The Dictionary of Literary Biograpy: The Year in Fiction

My personal choice for the finest first novel of 1984, surely a superb novel at any stage of a writer’s career, first or last, is Harvesting Ballads (Dutton) by Philip Kimball. I have observed this one develop from its first appearances in little magazines, and it has been a long time coming and finding a publisher. In my view it is a triumph worth waiting for. In justice the only appropriate thing I can do is to quote myself, the statement I sent to the publisher after reading the book in galley proof:

Harvesting Ballads is wide awake and all alive, with its string of memorable, intricately related, splendidly told stories; with characters whose jokes and joys, songs and sorrows, brief triumphs and losing battles are things you will want to bet on and can believe in; with a dazzling realization of place, the Plains, with its sad, fabulous history; with a language that sings and crackles with all the wide range and poetry of American speech; and with, above all, the potent, powerful controlling imagination of the author, Philip Kimball, a writer who here takes his place, with one wonderful novel, among our very best.
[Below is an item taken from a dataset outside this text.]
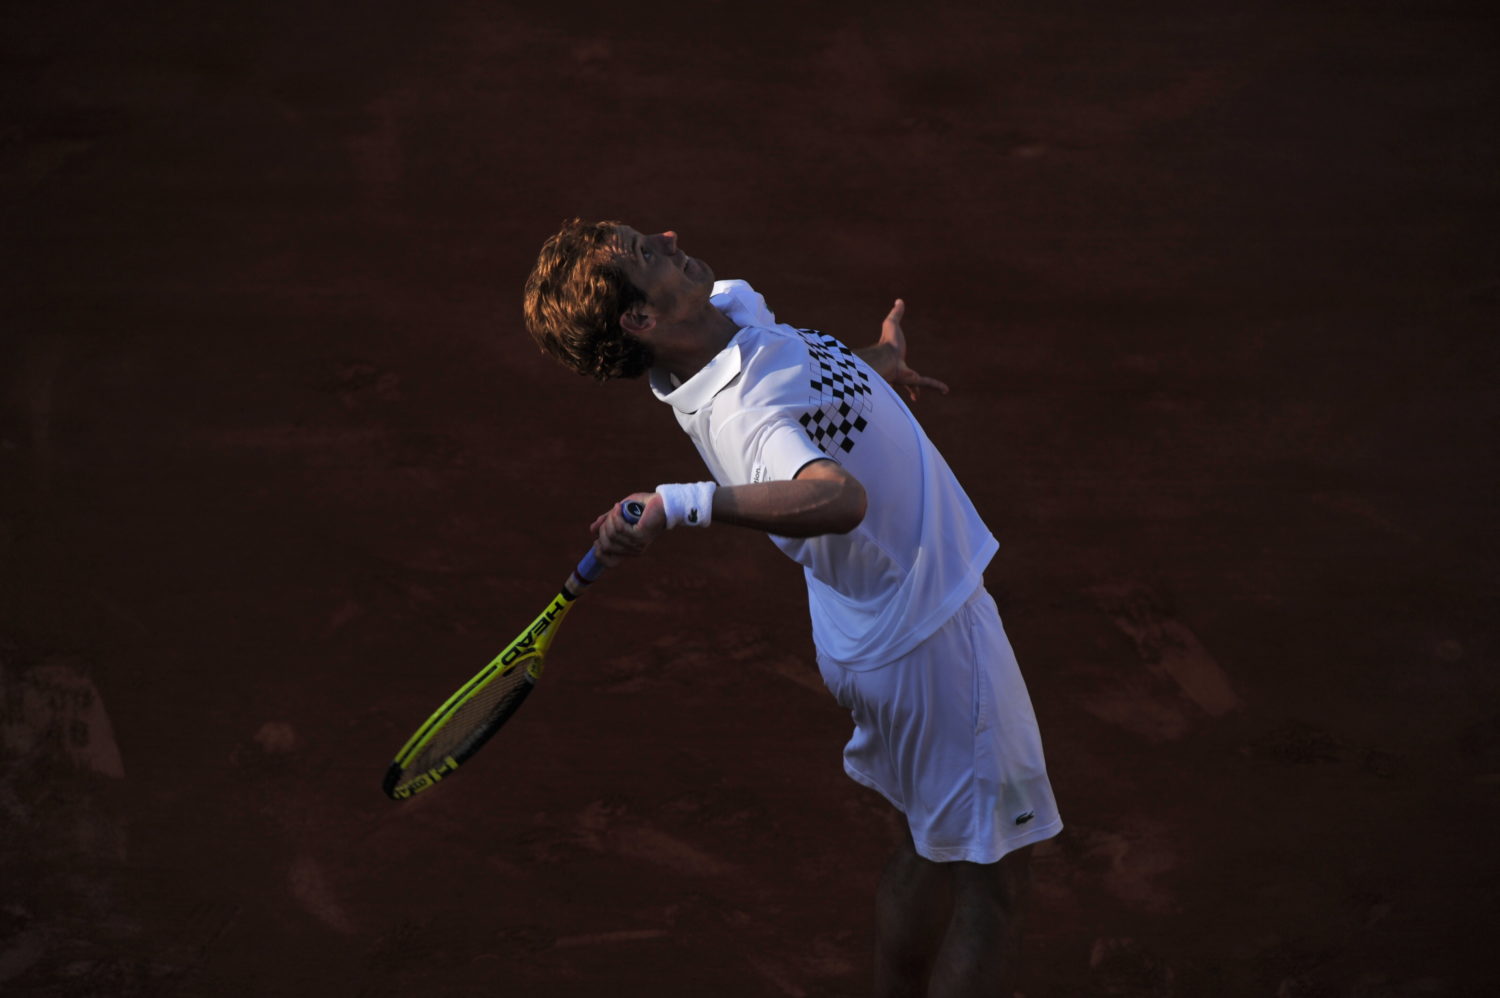 Richard Gasquet, Roland-Garros 2010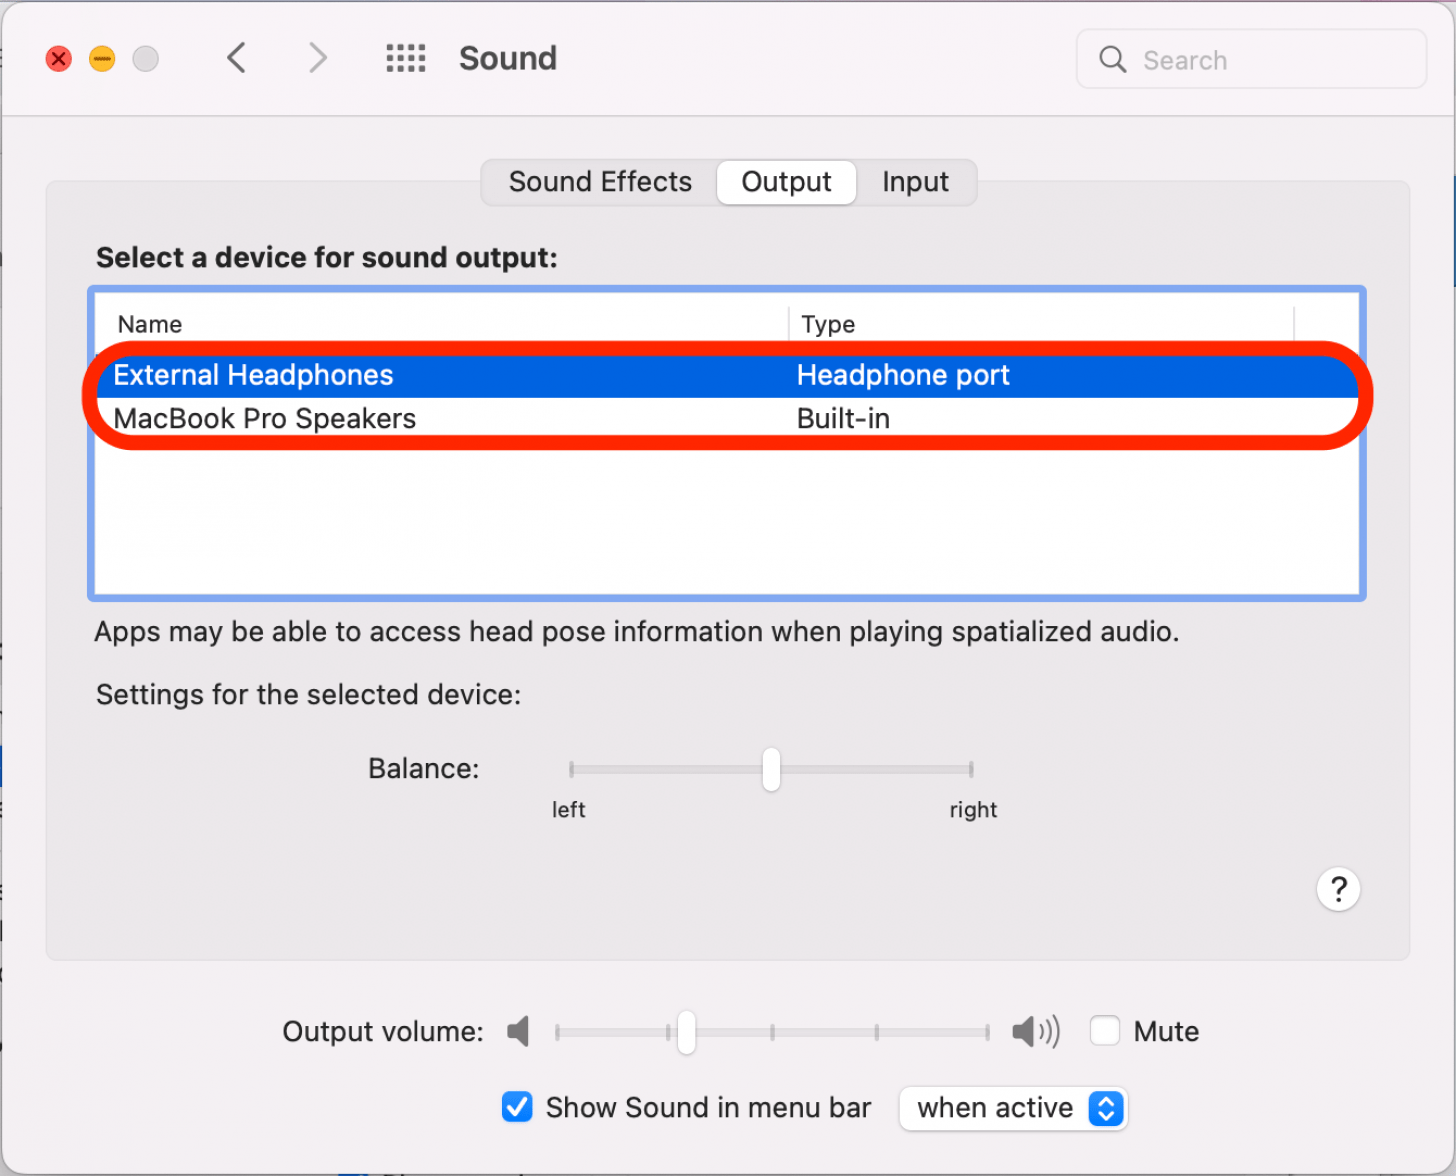 Cliquez pour sélectionner un périphérique pour la sortie audio.  Les options listeront tous les appareils actuellement disponibles.  Celui qui est en surbrillance est actuellement sélectionné.

A blurb, to be sure, lost in a world of blurbs. But I will stand by every word of it, and I recommend it to all readers who care.

Kimball’s book, by the way, received quite respectable reviews nationally. But in his home country, the Great Plains, Harvesting Ballads has been treated lavishly as a major work and an important contribution to the literature of the Plains. The difference in treatment may well be less a matter of local versus national interests than another example, out of 1984, of the failure of the so-called national center to speak to or for the large and populous regions which make up the nation.